Les formations des cadres éducatifs (directeurs, proviseurs, personnels de Rectorat et ce qui remplacera les inspecteurs) si elles sont confiées également à ces Ecoles demandent aussi une réflexion spécifique. Elles ne peuvent continuer de la sorte[4]. Les fonctions elles-mêmes demandent d’ailleurs à être revues en profondeur.
Ne pas investir dans une formation de qualité est pour un pays un drame économique dont la nation paiera les frais dans 20 ou 30 ans. D’ici là, nos dirigeants seront à la retraite !
André Giordan et Jérôme Saltet
[1] Nombre de tentatives universitaires de ce style en Suisse, Espagne, Italie, Canada, Australie ont donné des résultats désastreux dont il serait utile de tirer partie.
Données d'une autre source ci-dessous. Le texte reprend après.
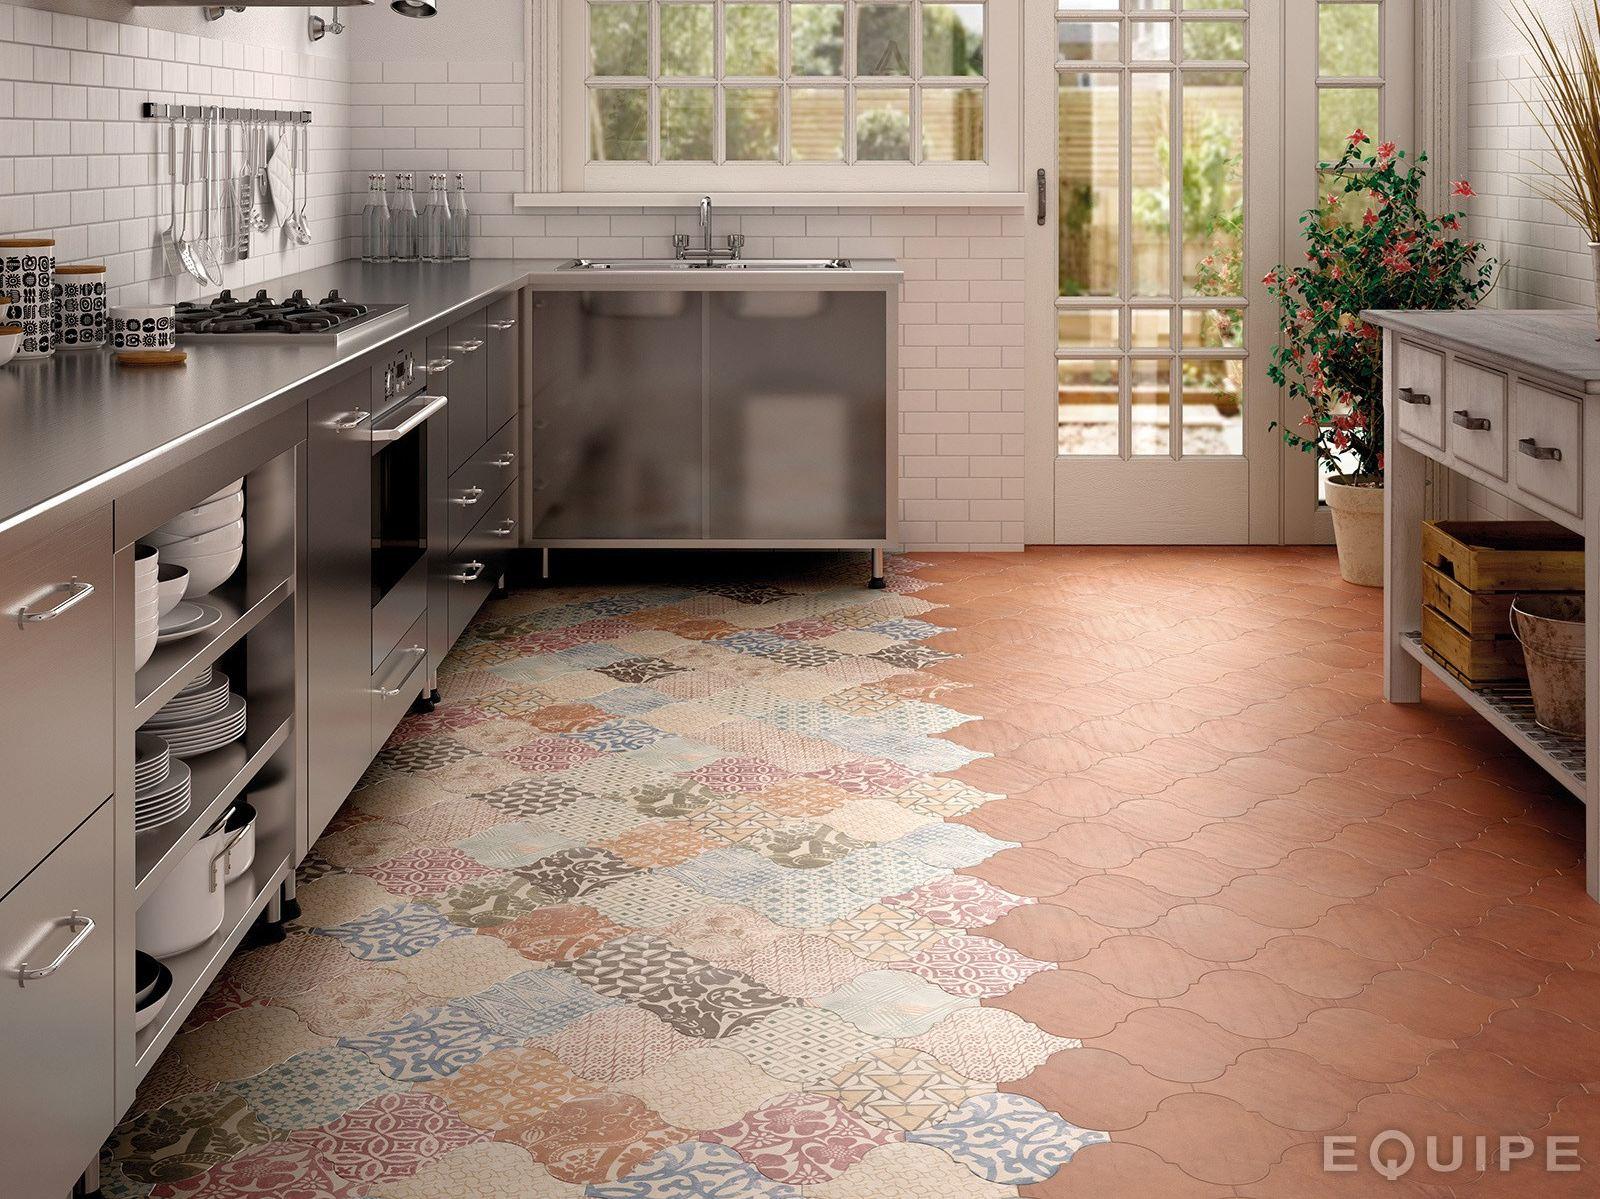 flooring tile in kitchen full size of kitchen decoration:kitchen tiles backsplash small kitchen tiles  design kitchen XPYKCBD
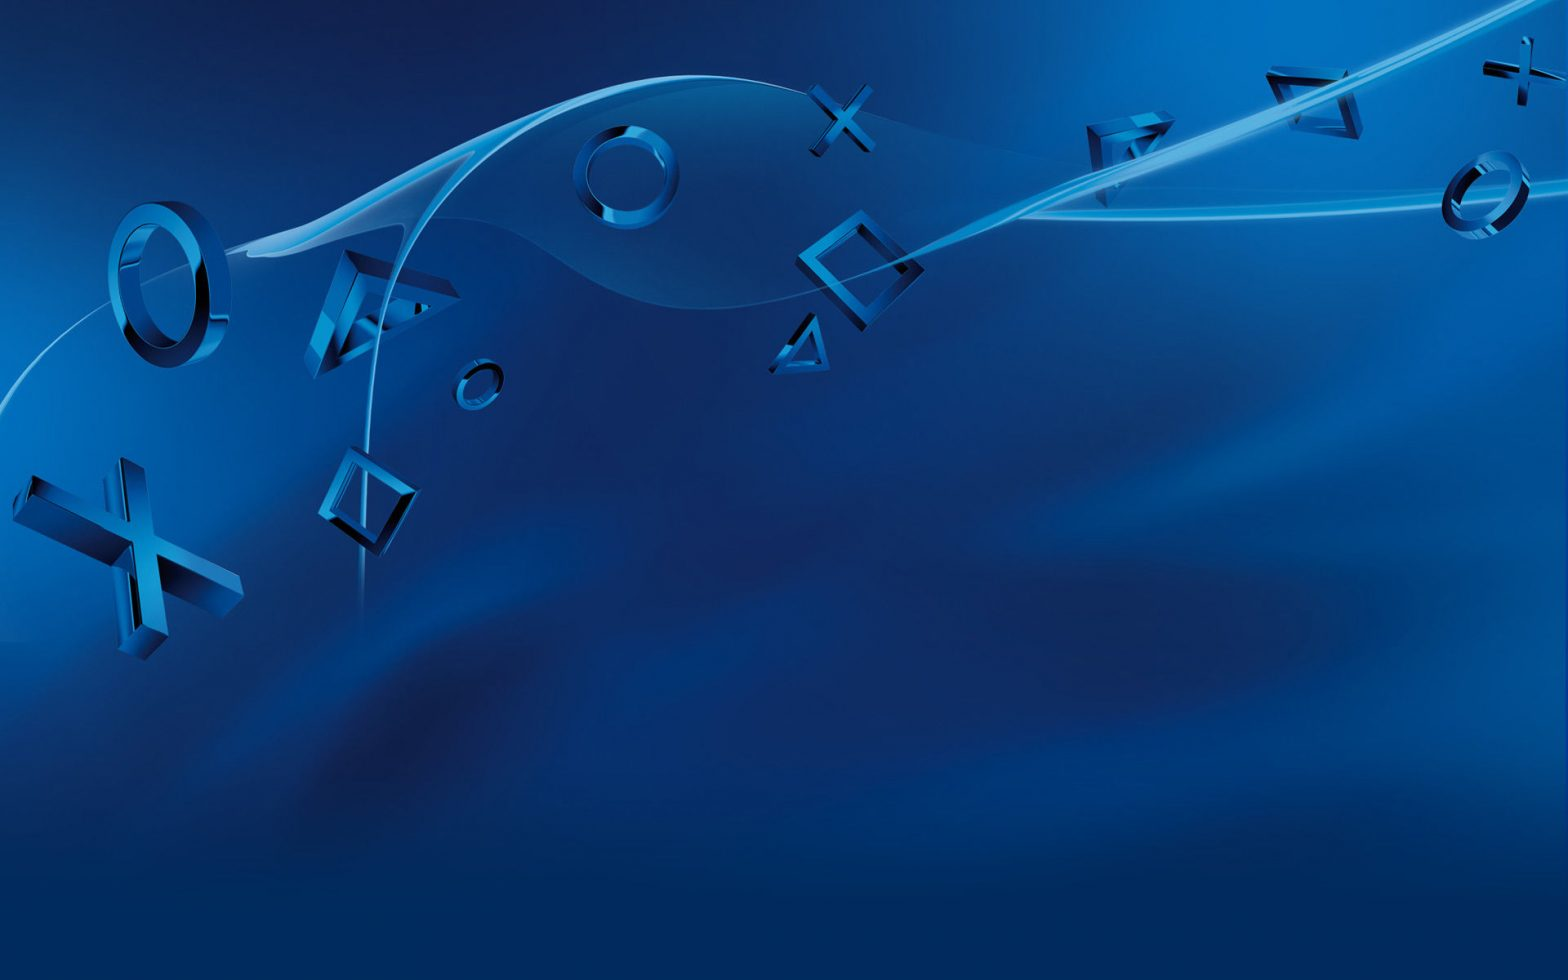 PlayStation 4 BG

[2] Pour plus de détails : A. Giordan, Une autre école pour nos enfants ? Delagrave, 2002, J. Saltet, A. Giordan, Changer le collège, Oh ! Editions, 2010.
[3] Le compagnonnage par des enseignants-formateur, s’il a le mérite d’enraciner la formation dans la pratique, demande quelques régulations préalables : créer une expérience du compagnonnage dans un milieu encore individualiste, savoir faire le lien avec la théorie et l’académique, apprendre à conseiller un adulte,… Il nécessiterait de former les « compagnons », or rien n’est prévu à ce niveau, contrairement aux footballeurs qui deviennent entraîneurs !
[4] Elle sera traitée ultérieurement dans une autre chronique.